Like `RandomNormal` but values more than two standard deviations from the mean are discarded and redrawn. Useful for preventing extremely large initial weights.

```java
// Keras: kernel_initializer='truncated_normal'
// DL4J:
.weightInit(WeightInit.TRUNCATED_NORMAL)
```

### VarianceScaling

Scales the initialisation by a factor based on the number of input units, output units, or their average, depending on the `mode` and `distribution` settings.

| Keras mode | Keras distribution | DL4J equivalent             |
| ---------- | ------------------ | --------------------------- |
| `fan_in`   | `normal`           | `WeightInit.LECUN_NORMAL`   |
| `fan_in`   | `uniform`          | `WeightInit.LECUN_UNIFORM`  |
| `fan_avg`  | `normal`           | `WeightInit.XAVIER`         |
| `fan_avg`  | `uniform`          | `WeightInit.XAVIER_UNIFORM` |
| `fan_out`  | `normal`           | `WeightInit.RELU`           |
| `fan_out`  | `uniform`          | `WeightInit.RELU_UNIFORM`   |

### Orthogonal

Initialises weights as an (approximately) orthogonal matrix, computed via SVD. Helpful for very deep networks and gradient flow.

### Identity

Initialises the weight matrix as the identity matrix. Only applicable to square (2D) weight matrices.

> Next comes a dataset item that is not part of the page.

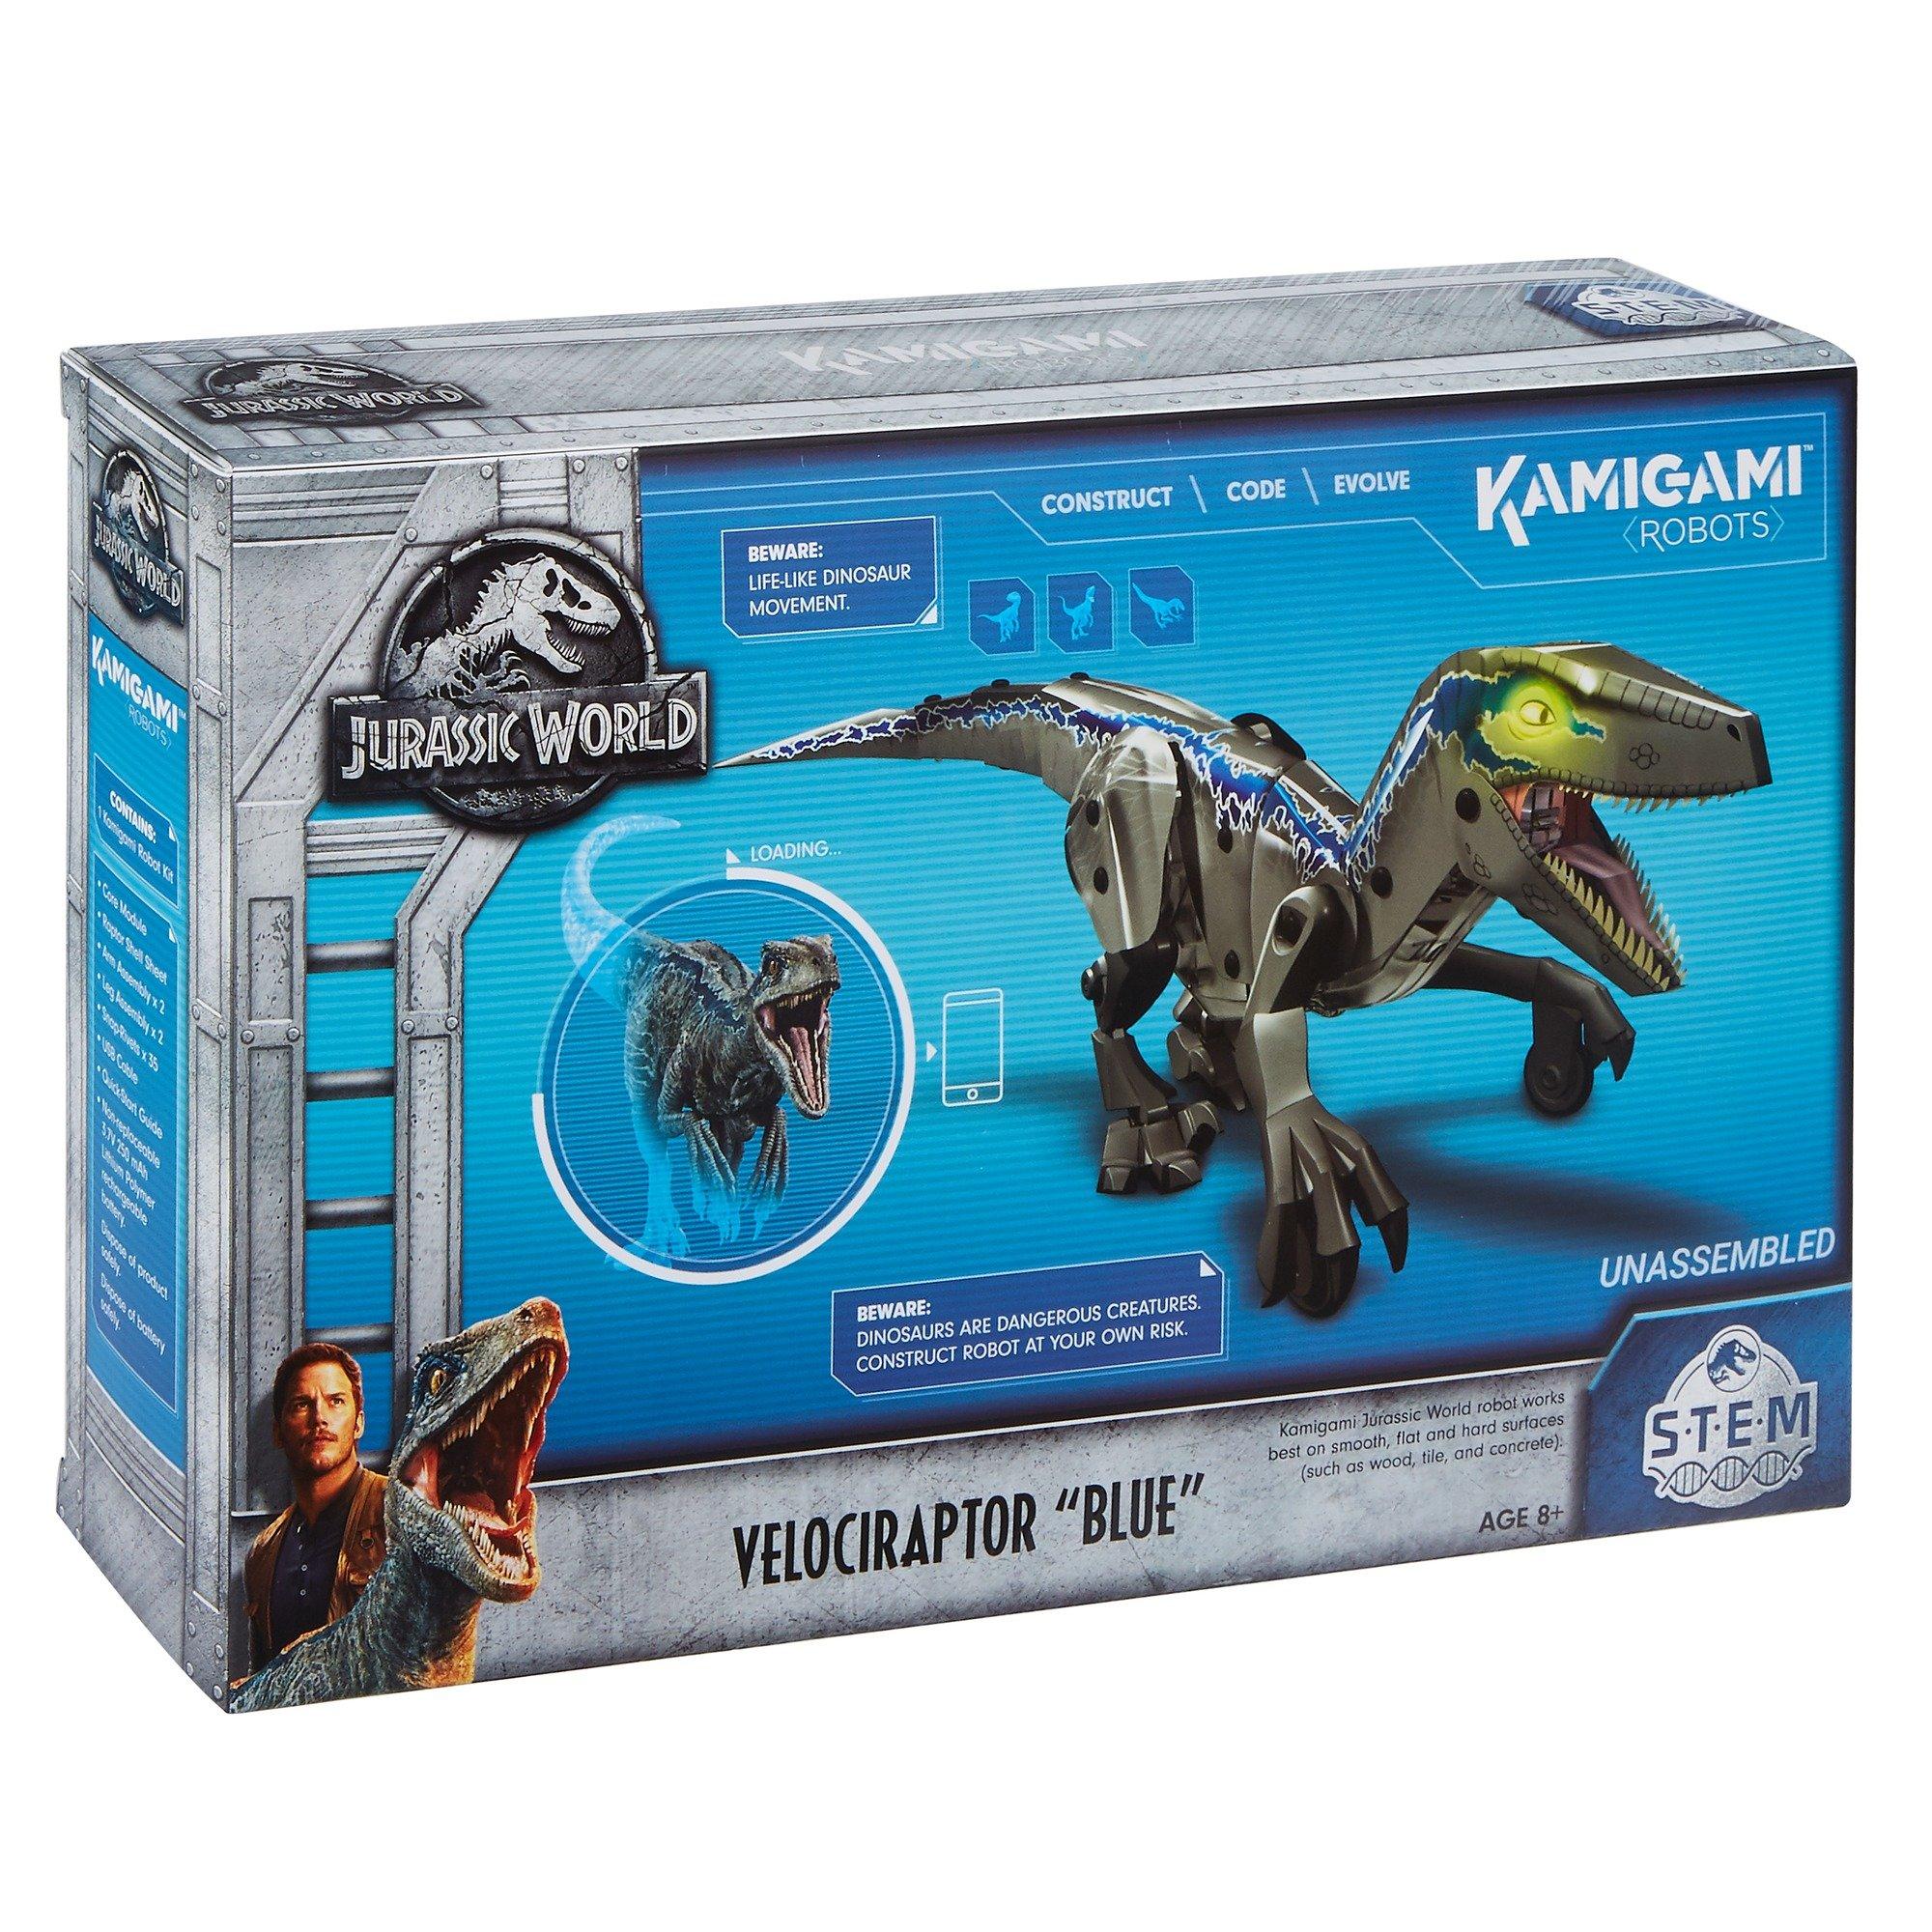 Kamigami Jurassic World Blue Robot by Jurassic World Toys (Image #6)

### Glorot (Xavier) Initializers

The Glorot initializers (`glorot_normal` and `glorot_uniform`) scale the variance of the initial weights based on the number of input and output units. They are commonly used as defaults for dense and convolutional layers.

```java
// glorot_uniform (default in many Keras layers)
.weightInit(WeightInit.XAVIER_UNIFORM)

// glorot_normal
.weightInit(WeightInit.XAVIER)
```

### He Initializers

The He initializers (`he_normal` and `he_uniform`) are designed for layers with ReLU activations. They use only the fan-in (number of input units) for scaling.

```java
// he_normal
.weightInit(WeightInit.RELU)

// he_uniform
.weightInit(WeightInit.RELU_UNIFORM)
```

## Usage Example

```java
import org.deeplearning4j.nn.modelimport.keras.KerasModelImport;
import org.deeplearning4j.nn.multilayer.MultiLayerNetwork;

// Weight initializers are automatically mapped during import.
// If the model has already been trained and weights are saved, the
// initializer config is informational only — actual weights are loaded
// from the HDF5 file.
MultiLayerNetwork model = KerasModelImport.importKerasSequentialModelAndWeights("model.h5");
```

## Notes

* When importing a **trained** model (with saved weights), the initializer configuration is read but the actual parameter values from the checkpoint are used instead.
* When importing only a **model architecture** (no weights), the initializer determines the starting values for any subsequent training in DL4J.
* Custom Python initializers cannot be imported.